TASK OBJECTIVE -> What you return should be the full listing, word for word, without a single image.

DATA BLOCK ->
□ □ □
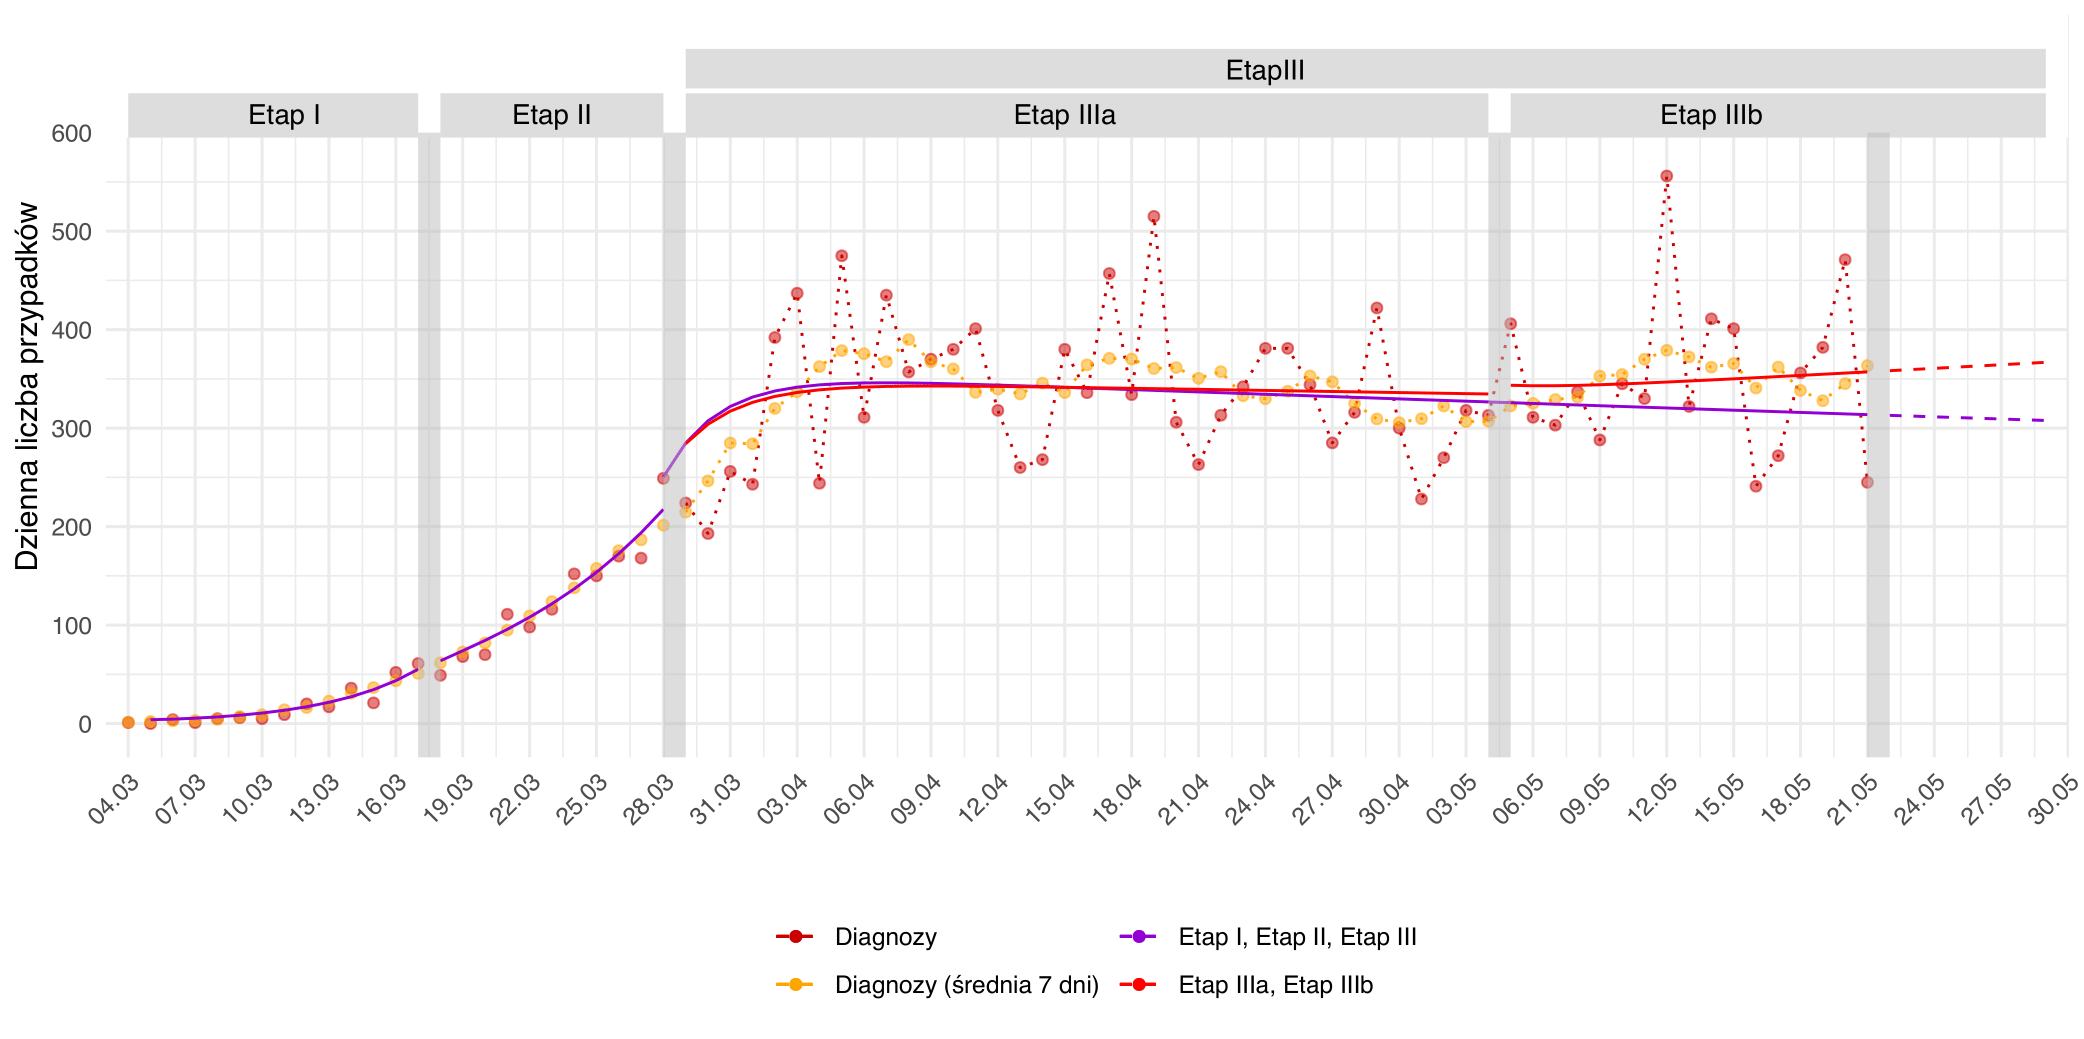 Prognozowana dzienna liczba przypadków na kolejnych etapach epidemii. Czerwone punkty odpowiadają dziennej liczbie diagnozowanych przypadków. Punkty pomarańczowe są średnią na dany dzień w tygodniowym oknie czasowym. Czerwona ciągła linia obrazuje przebieg predykcji dla trzech etapów epidemii w Polsce, ograniczonymi przez pionowe szare pasy odpowiadające wprowadzeniu lub zdjęciu restrykcji. Dla rozróżnienia etapów IIIa i IIIb fioletową linią zaznaczono predykcje z uwzględnieniem pierwszej fazy znoszenia restrykcji.
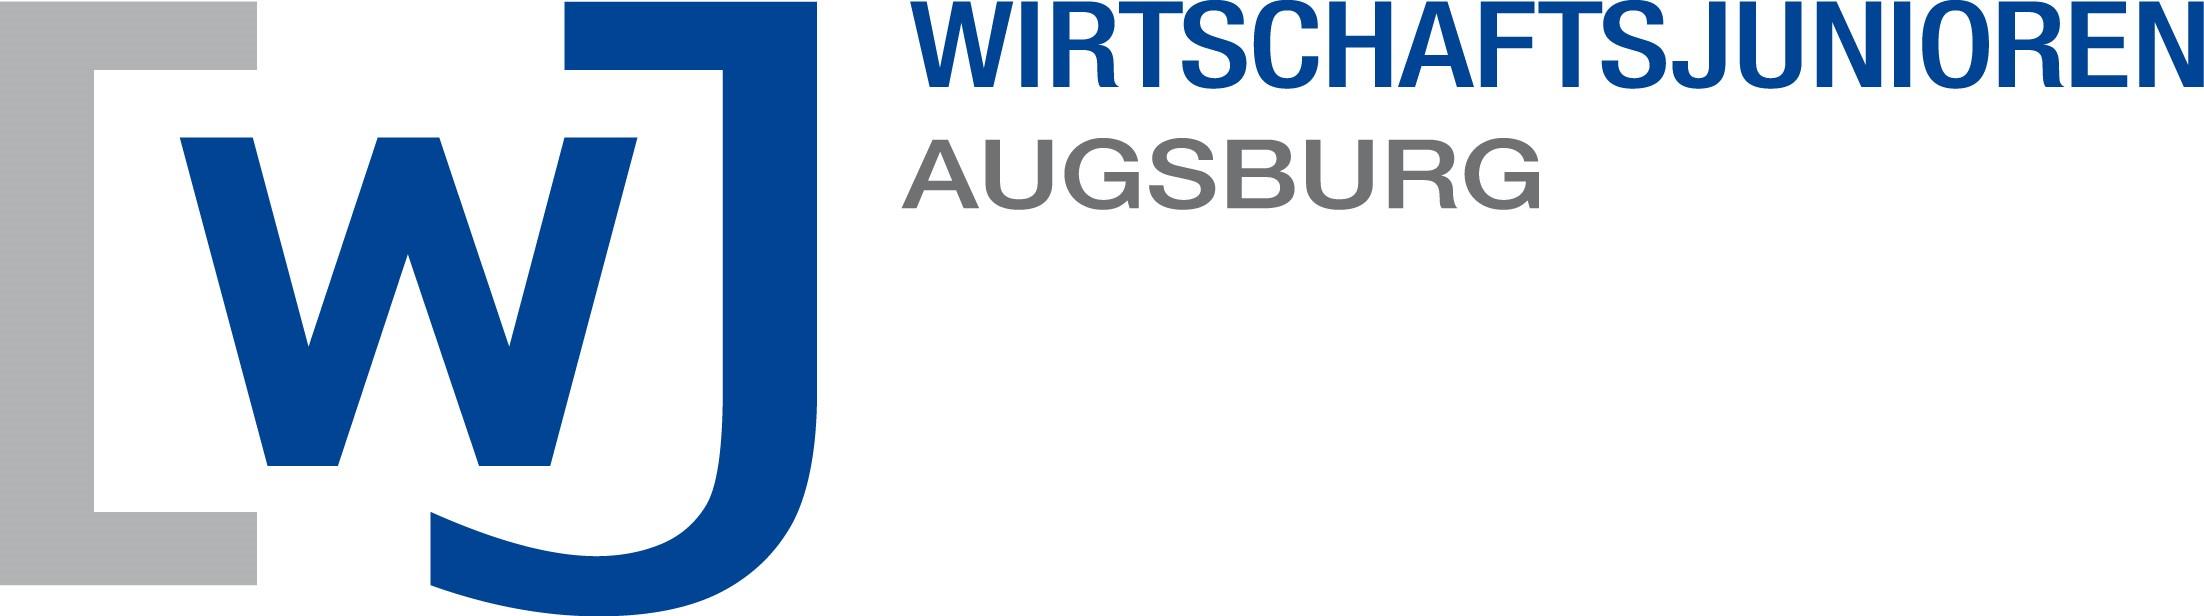 Logo der Wirtschaftsjunioren Augsburg
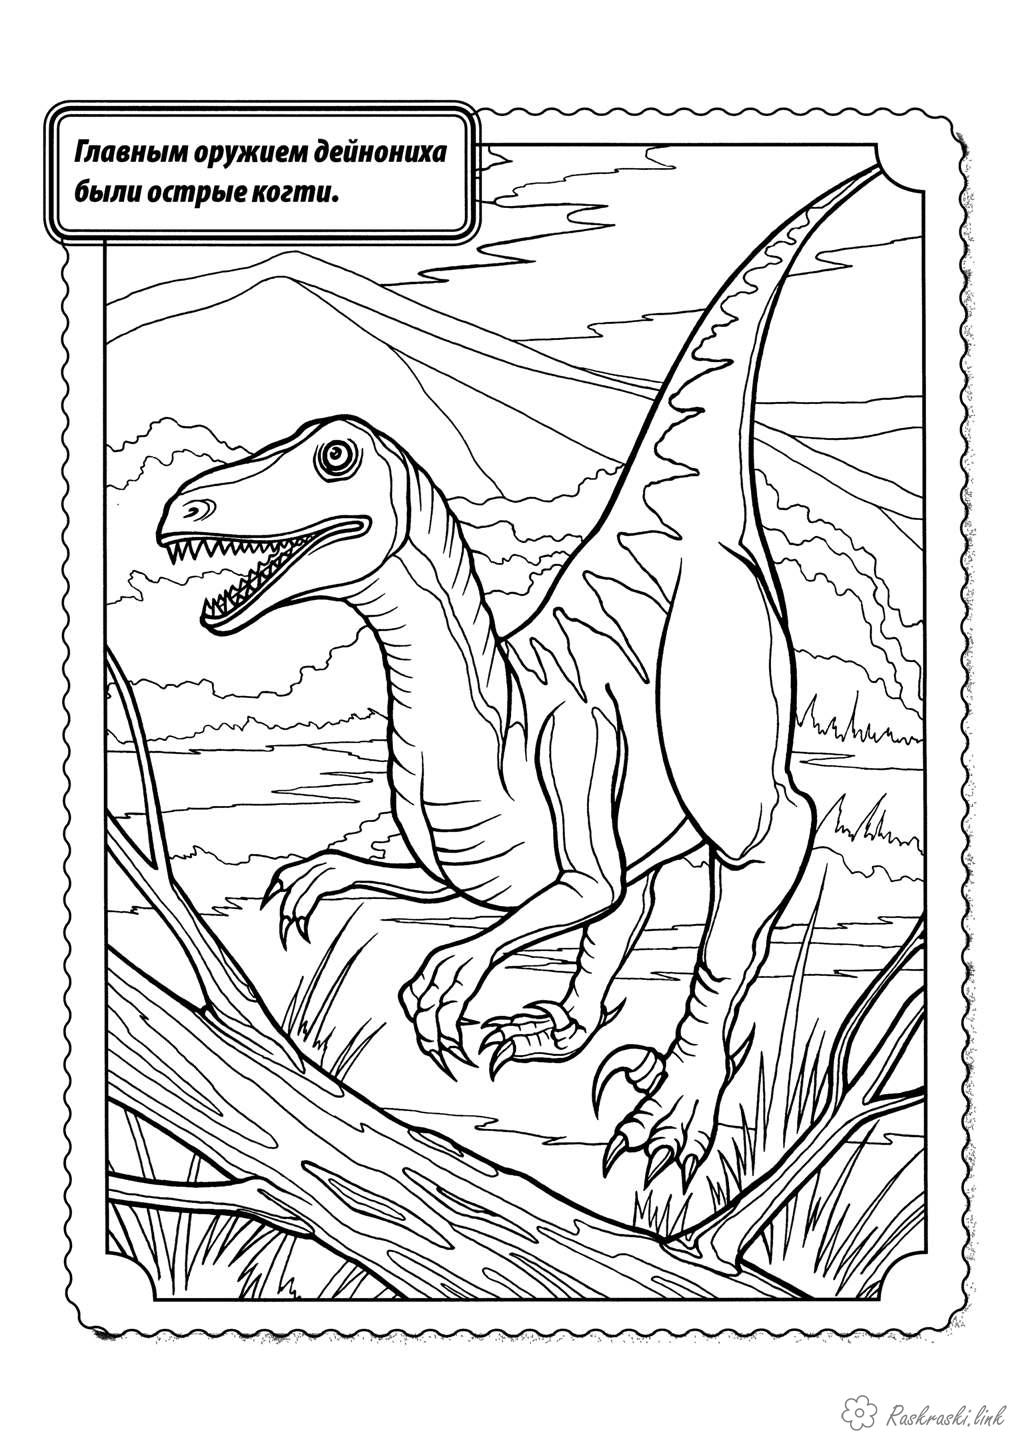 Розмальовки розмальовка Рептилії, динозавр, дейноніх, хижак, кігті
□ □ □
REPLY ->
 Prognozowana dzienna liczba przypadków na kolejnych etapach epidemii. Czerwone punkty odpowiadają dziennej liczbie diagnozowanych przypadków. Punkty pomarańczowe są średnią na dany dzień w tygodniowym oknie czasowym. Czerwona ciągła linia obrazuje przebieg predykcji dla trzech etapów epidemii w Polsce, ograniczonymi przez pionowe szare pasy odpowiadające wprowadzeniu lub zdjęciu restrykcji. Dla rozróżnienia etapów IIIa i IIIb fioletową linią zaznaczono predykcje z uwzględnieniem pierwszej fazy znoszenia restrykcji.
 Logo der Wirtschaftsjunioren Augsburg
 Розмальовки розмальовка Рептилії, динозавр, дейноніх, хижак, кігті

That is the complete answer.